→ **Data extract**

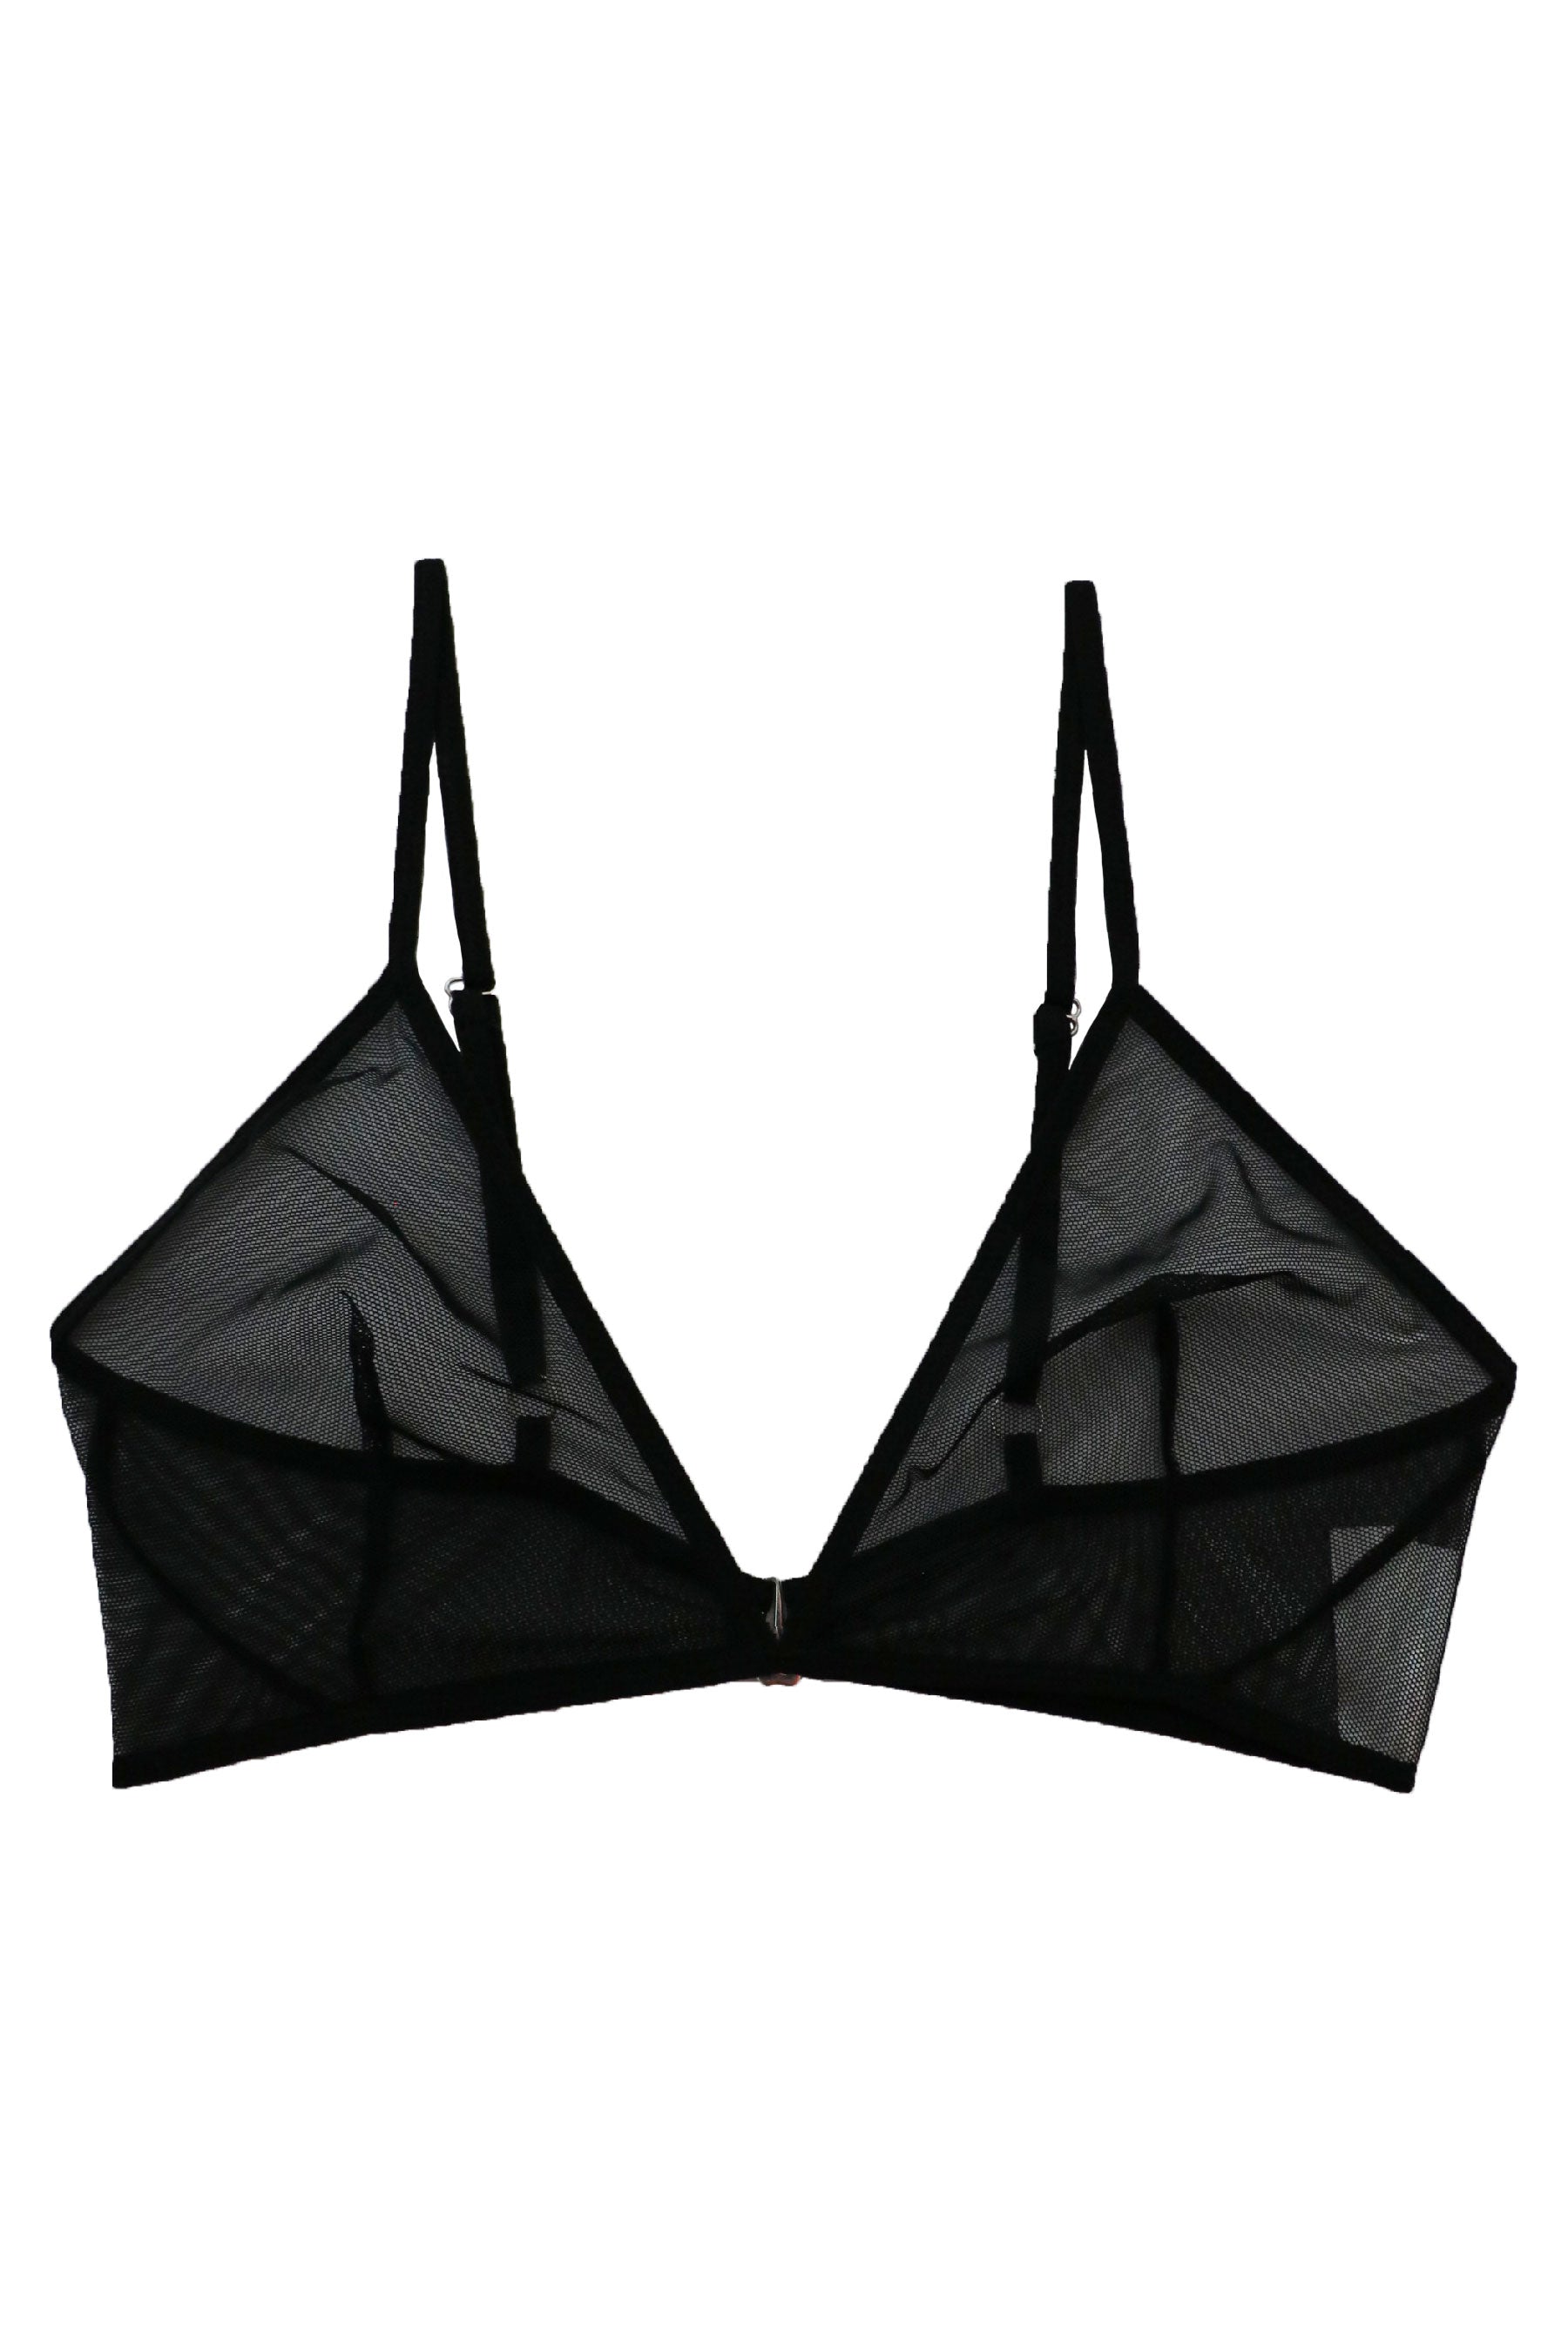 Georgie Bra in Black - MARY YOUNG
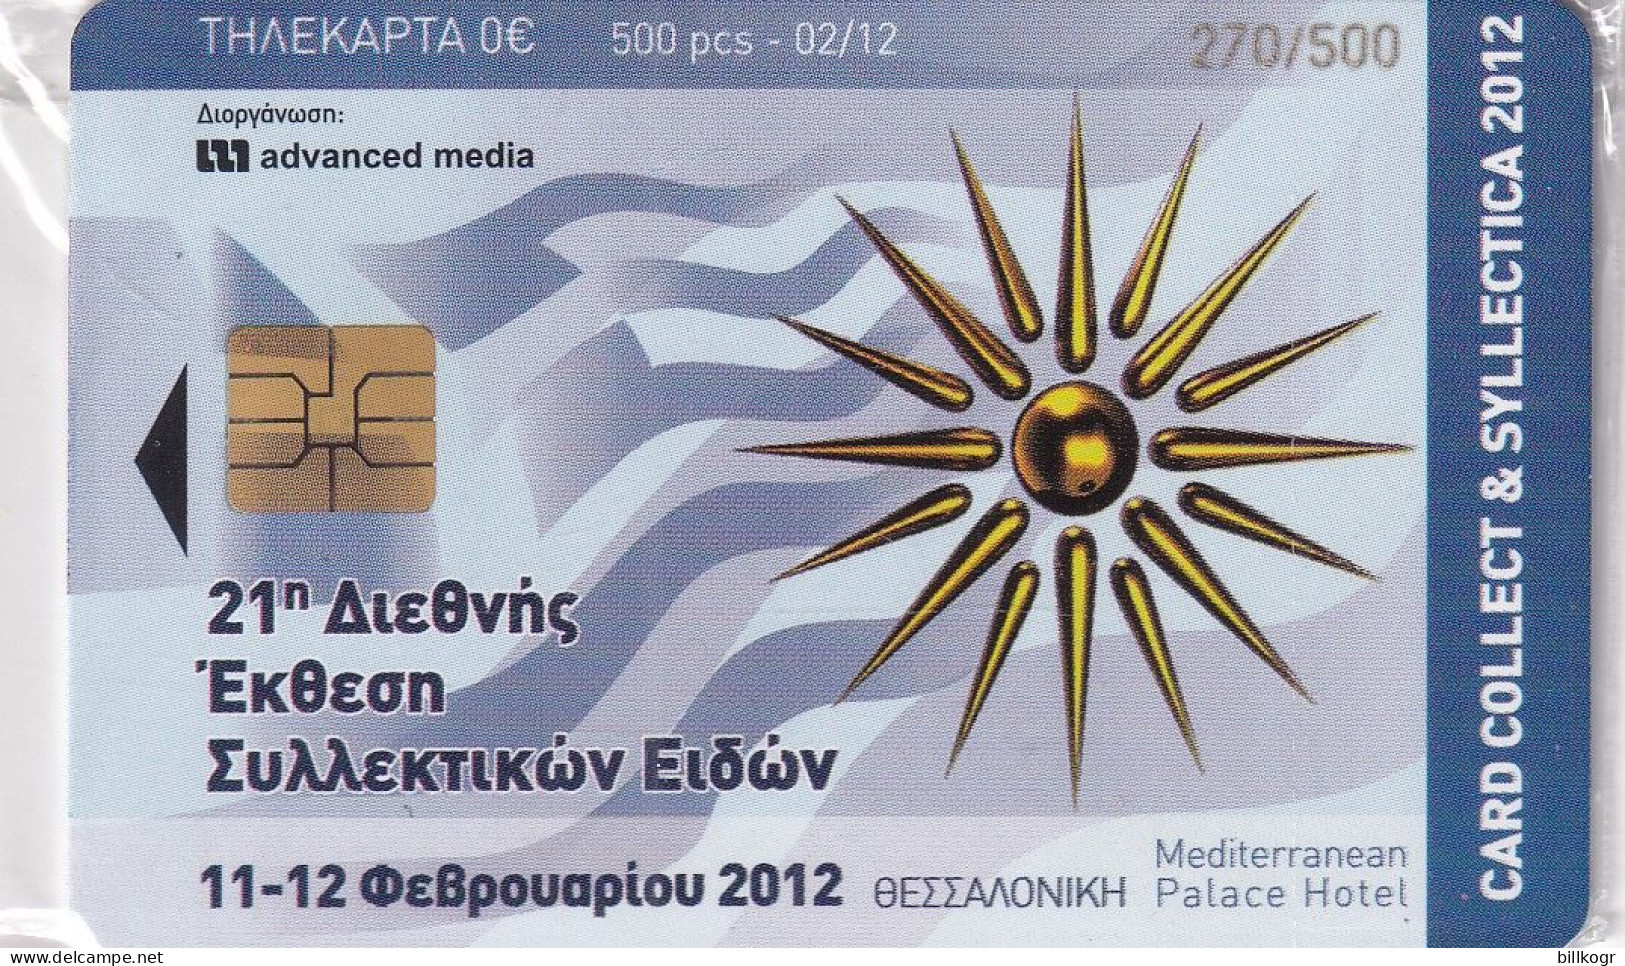 GREECE - Alexander The Great, Card Collect 2012, Exhibition In Thessaloniki, Tirage 500, 02/12, Mint - Griechenland
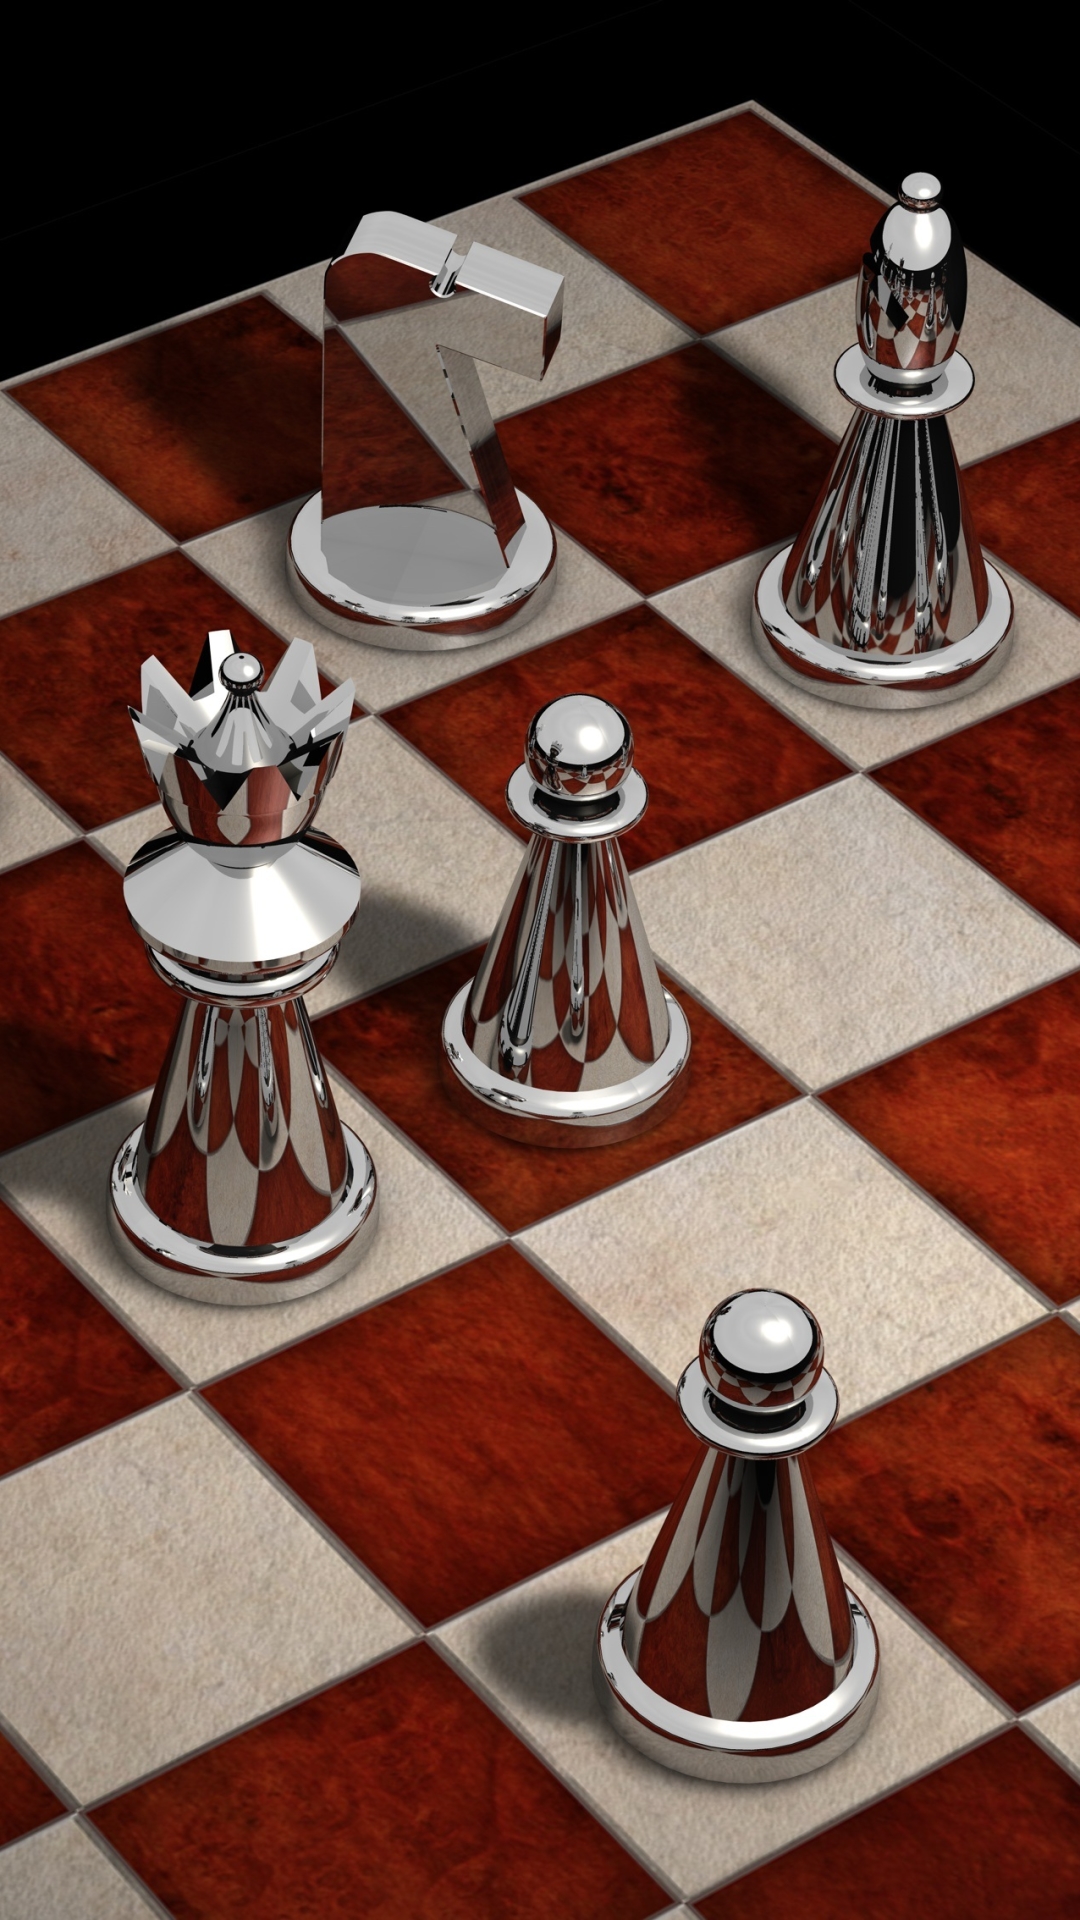 Red and White Chessboard Set

→ **Required action**
Your copy of the material above should be exact and free of pictures.

→ **Answer for this exercise**
 Georgie Bra in Black - MARY YOUNG
 GREECE - Alexander The Great, Card Collect 2012, Exhibition In Thessaloniki, Tirage 500, 02/12, Mint - Griechenland
 Red and White Chessboard Set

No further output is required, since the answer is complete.